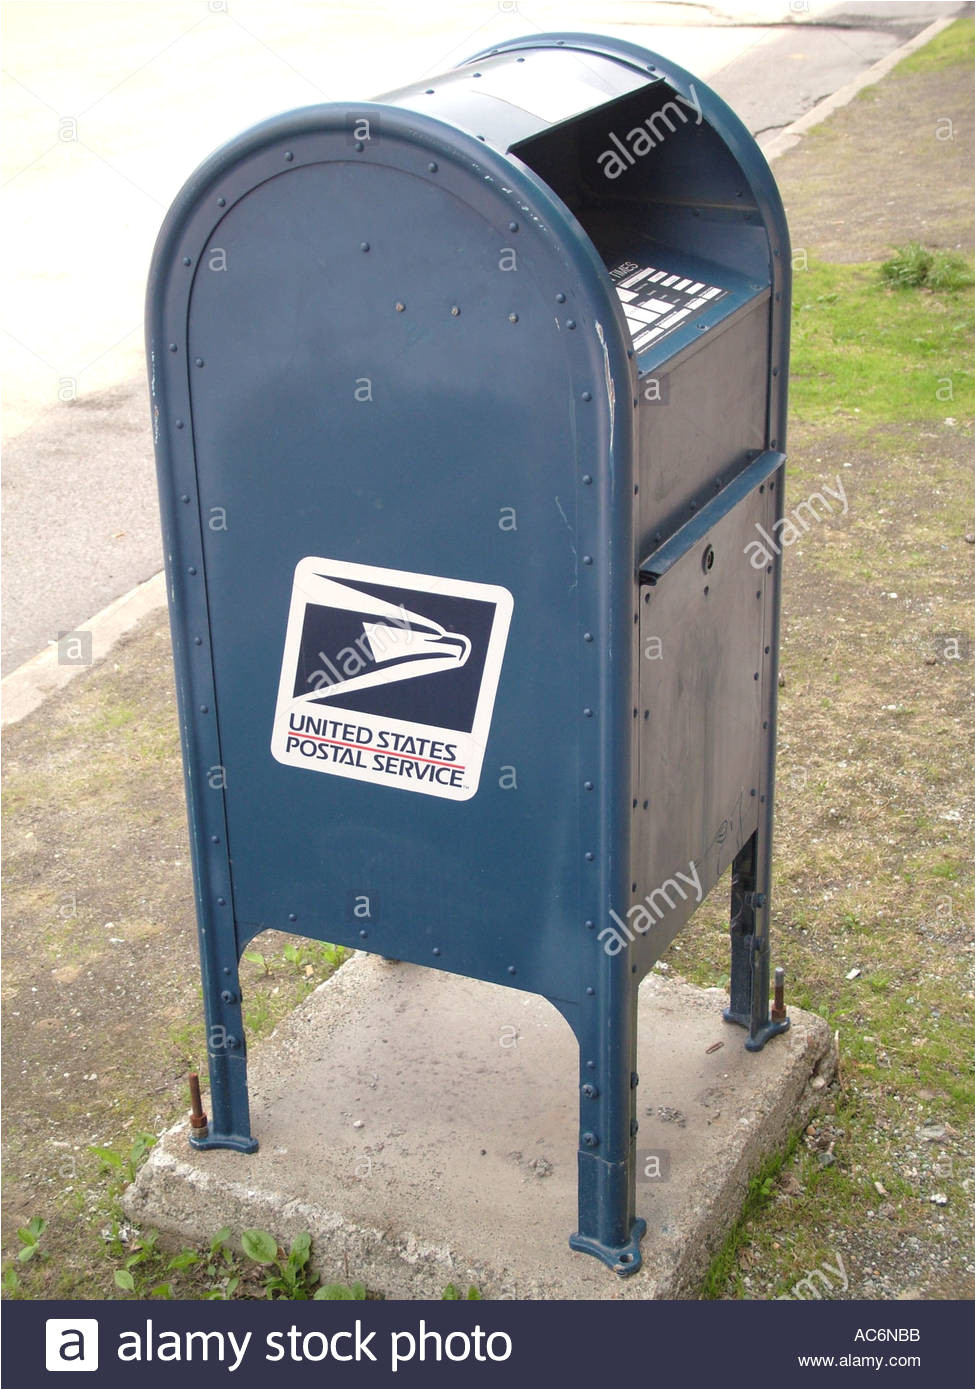 ajd42828 postfacher united states postal service stockbild
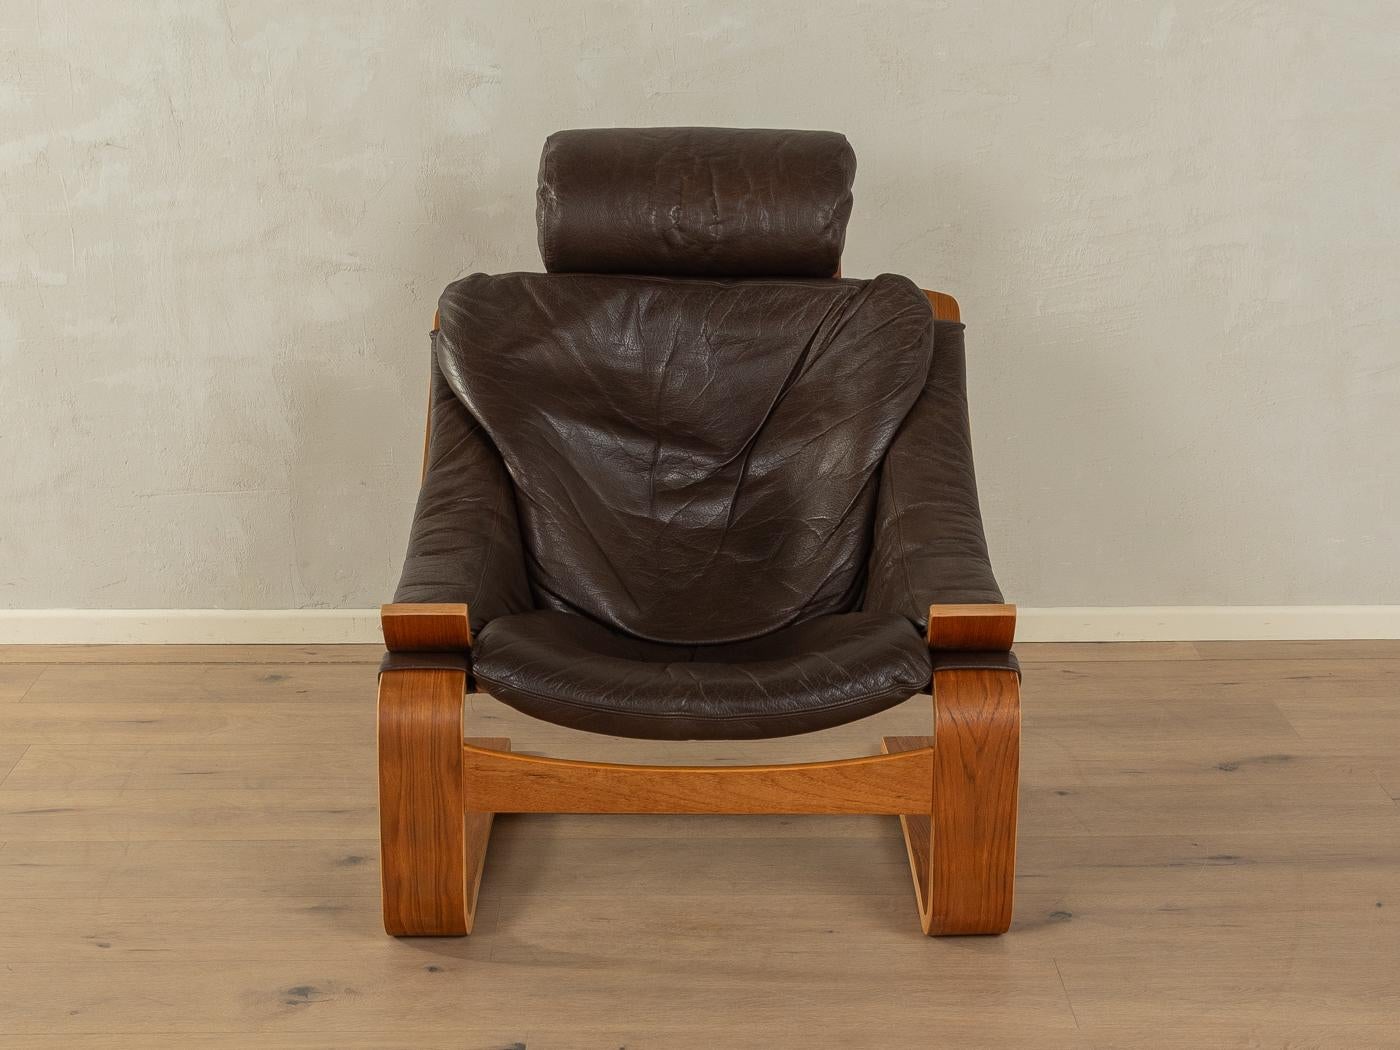 KROKEN Sessel mit Fußhocker von Ake Fribytter für NELO aus den 1970er Jahren. Hochwertiger Massivholzrahmen aus Eichenbugholz  in Teakholzfurnier mit dem hochwertigen Originalbezug aus dunkelbraunem Leder.
Qualitätsmerkmale:

    vollendetes Design:
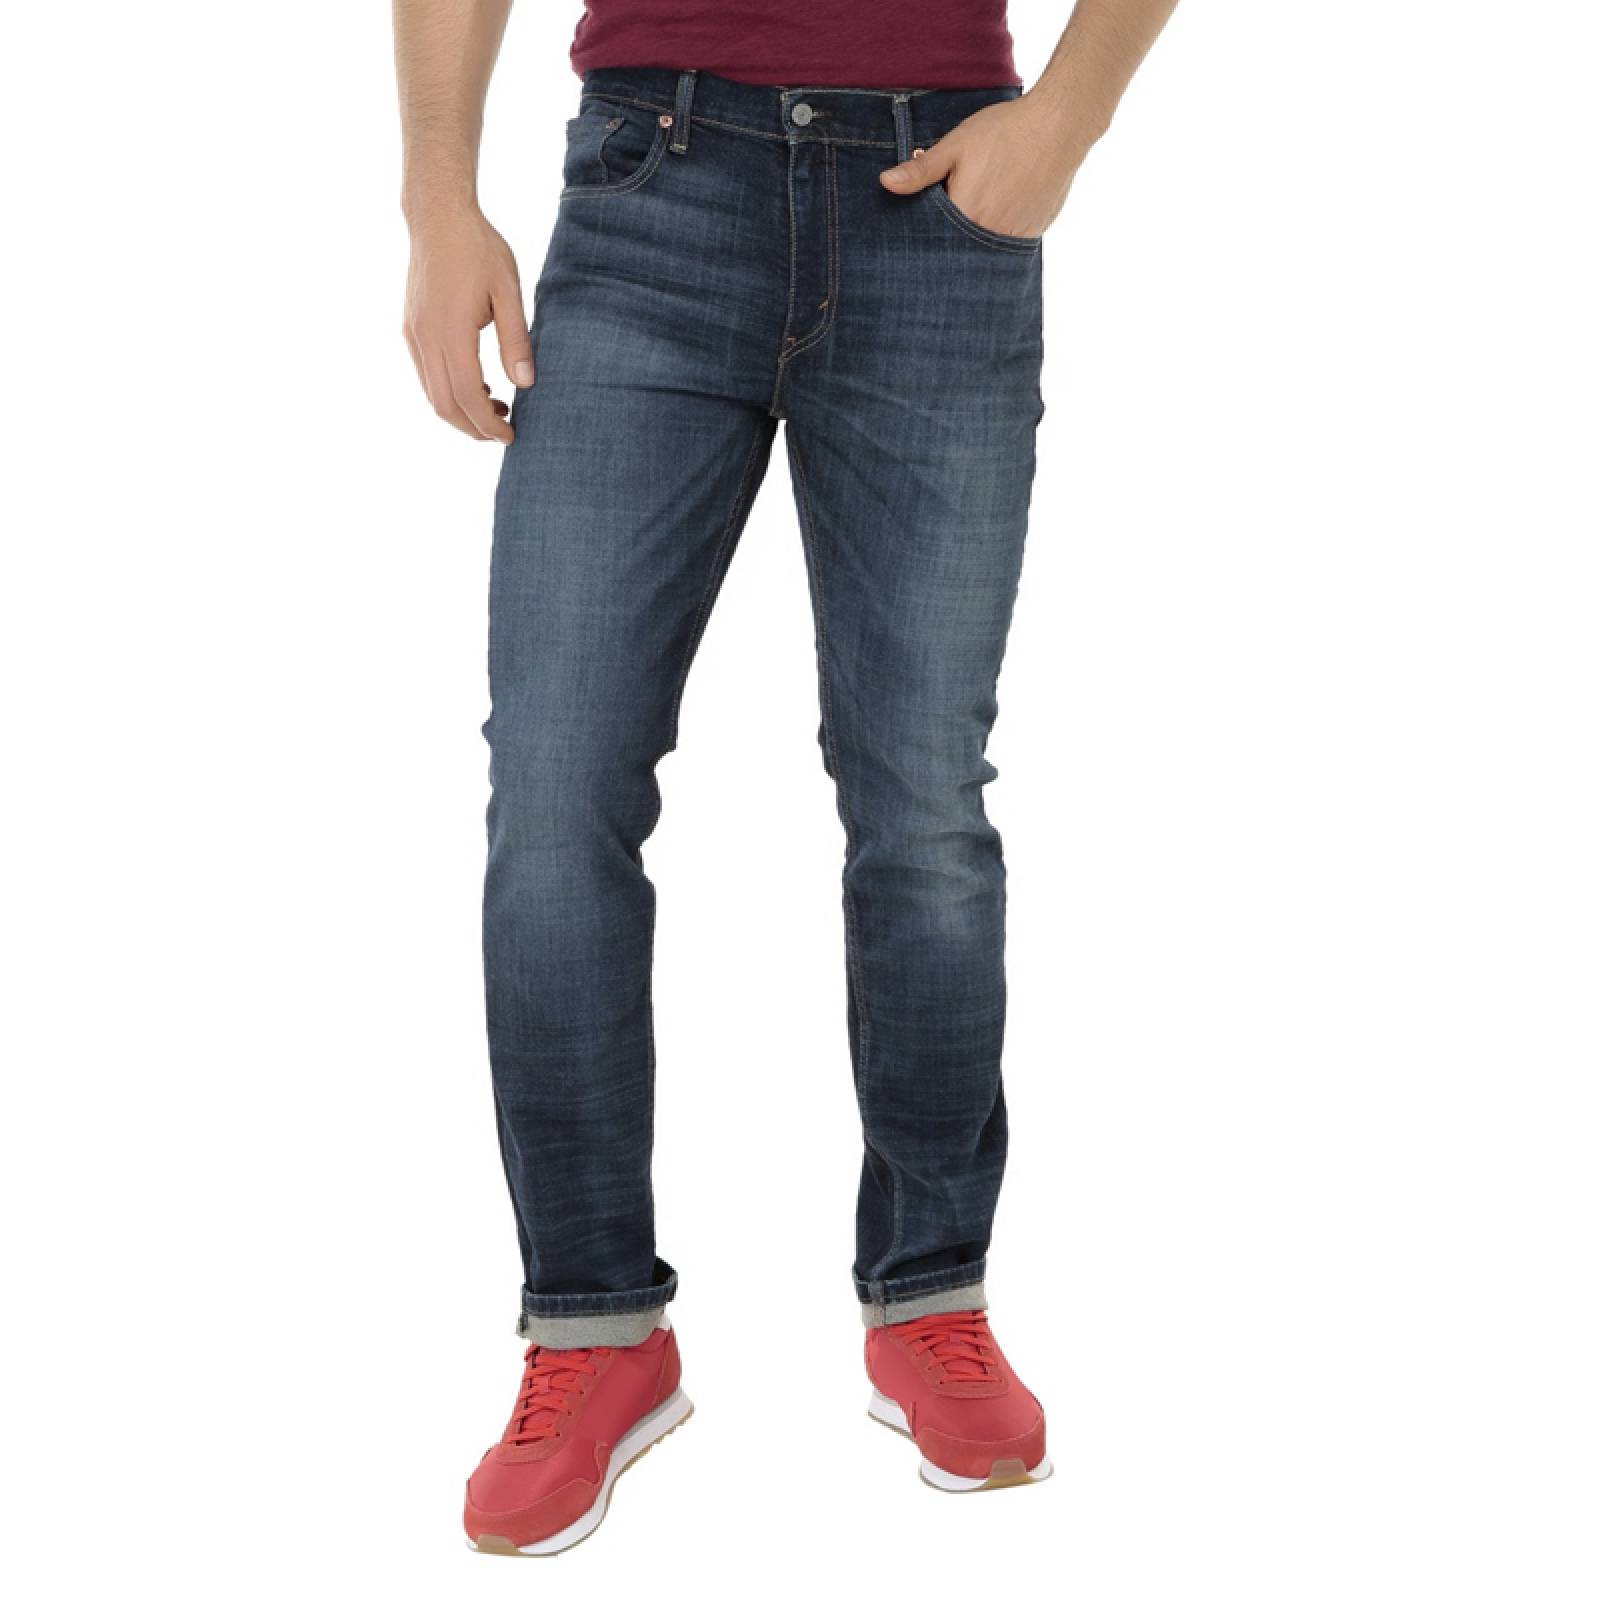 Jeans Levis 511 Slim Fit 045112836

-------------------------

_WHAT TO WORK ON_
In the reply, every line of the material above is to be reproduced verbatim, and the images are to be left out.

_WRITTEN RESPONSE_
 ajd42828 postfacher united states postal service stockbild
 KROKEN Sessel mit Fußhocker von Ake Fribytter für NELO aus den 1970er Jahren. Hochwertiger Massivholzrahmen aus Eichenbugholz  in Teakholzfurnier mit dem hochwertigen Originalbezug aus dunkelbraunem Leder.
Qualitätsmerkmale:

    vollendetes Design:
 Jeans Levis 511 Slim Fit 045112836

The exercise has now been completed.